The struct xtime proposal would be simplified if it didn't use this complicated interface, and instead used either true UTC, or true POSIX. (Of course, both true UTC and true POSIX could be supported, by having two different clock types.)
I certainly do true UTC. There is no such thing as true POSIX, because POSIX does not allow accurate representation of time. What some POSIX implementations therefore do at the moment as an ugly hack is to use a 1000 ppm frequency shift ramp to compensate this inconsistency in the specification, and others (probably the majority) just repeat 23:59:59. I hope you do not consider any of these to be an acceptable long-term solution.

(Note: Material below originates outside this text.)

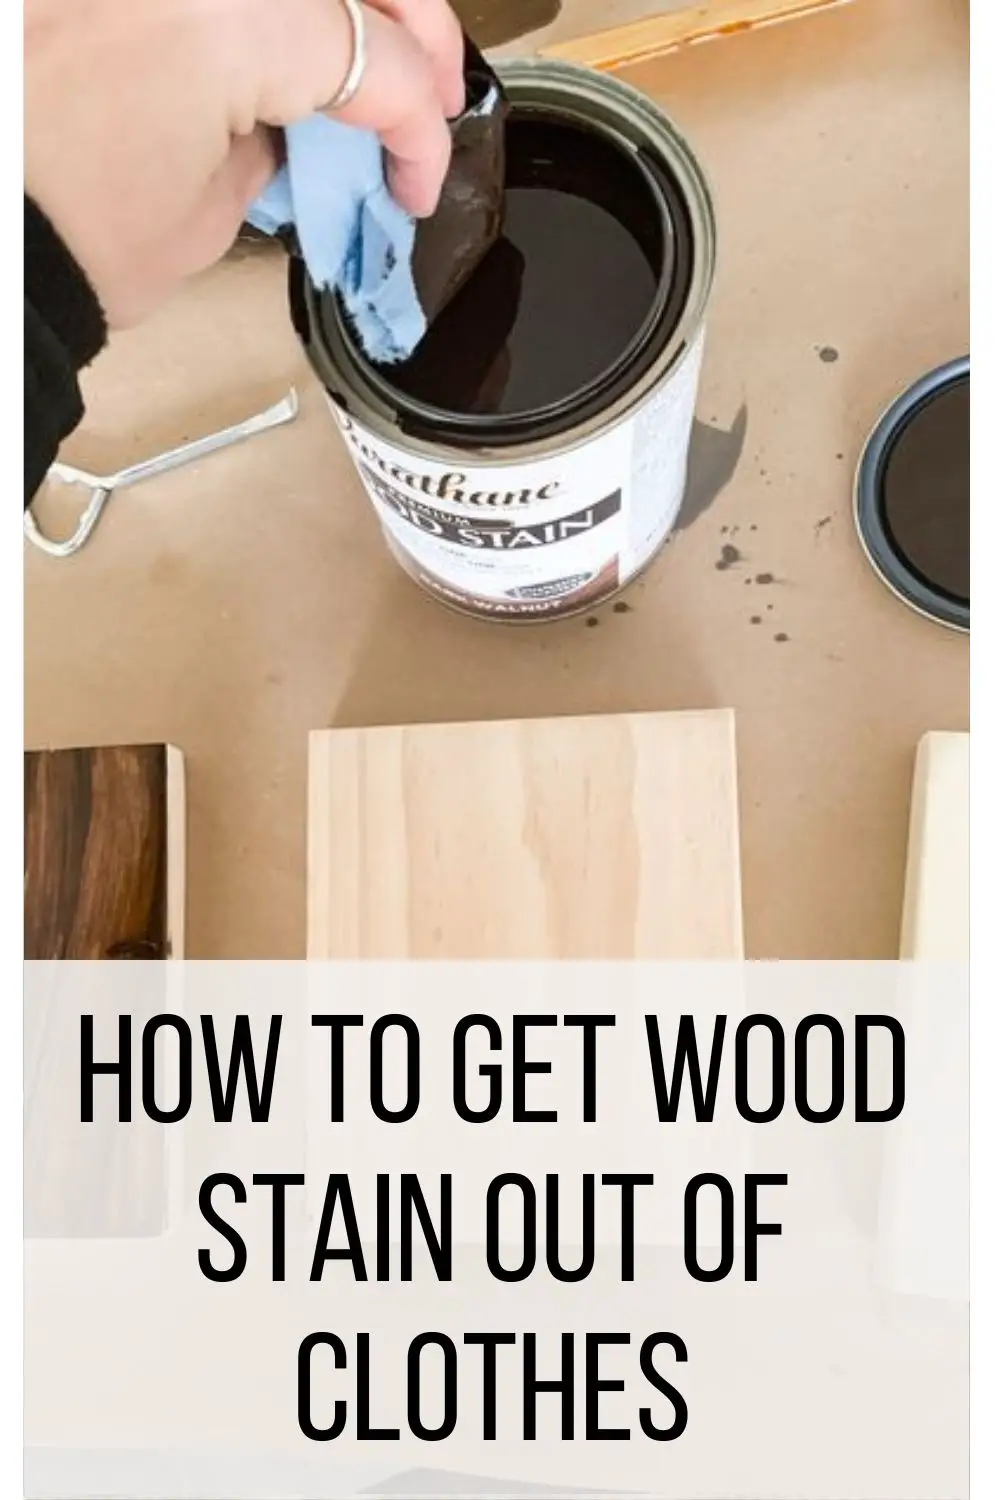 How to Get Wood Stain Out of Clothes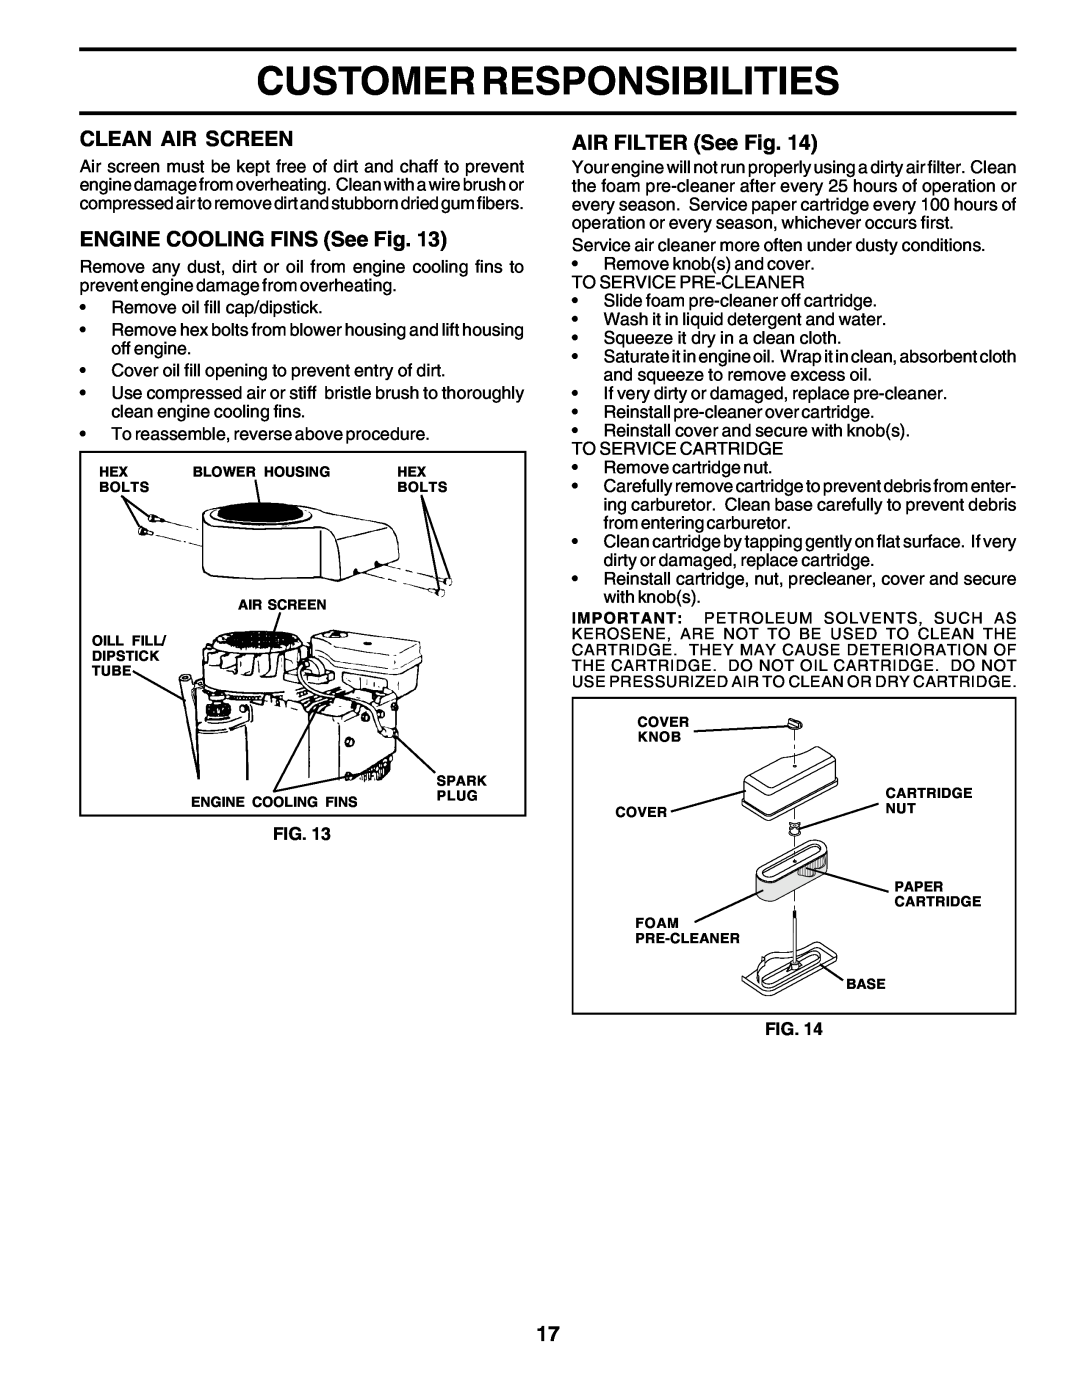 Poulan PC14542D owner manual Customer Responsibilities, Clean Air Screen, ENGINE COOLING FINS See Fig, AIR FILTER See Fig

I am dubious about standardizing on a new halfway-between-UTC-and-POSIX clock type that has never been used in practice and which has some nontrivial conceptual problems.
I am sorry, but I can't agree less. My proposal is a clear and faithful one-to-one real UTC implementation, and I consider it to be free of fundamental conceptual problems, as I hope to have pointed out in great details in the past postings. It is exactly as complex as needed, no bit too simple and no bit too complicated. I consider it to be ready for standardization. Only the details of the text need some polishing, not the basic design principles. Markus -- Markus G. Kuhn, Security Group, Computer Lab, Cambridge University, UK email: mkuhn at acm.org, home page: <http://www.cl.cam.ac.uk/~mgk25/>
Markus observes that, thanks to leap seconds, we don't know how many TAI seconds there will be before (say) 2100-01-01 00:00:00 UTC. If you ask libtai now, its guess will be a minute away from the truth. What Markus doesn't realize is that POSIX times suffer the same problem. Thanks to future changes in the calendar, we don't know how many non-leap seconds there will be before (say) 9999-01-01 00:00:00 UTC. If you ask Markus's vaporware library, its guess will be wrong by one or more _days_! Markus's error here is an order of magnitude worse than the leap-second error. Shall I review his examples of ``risks'' in this light?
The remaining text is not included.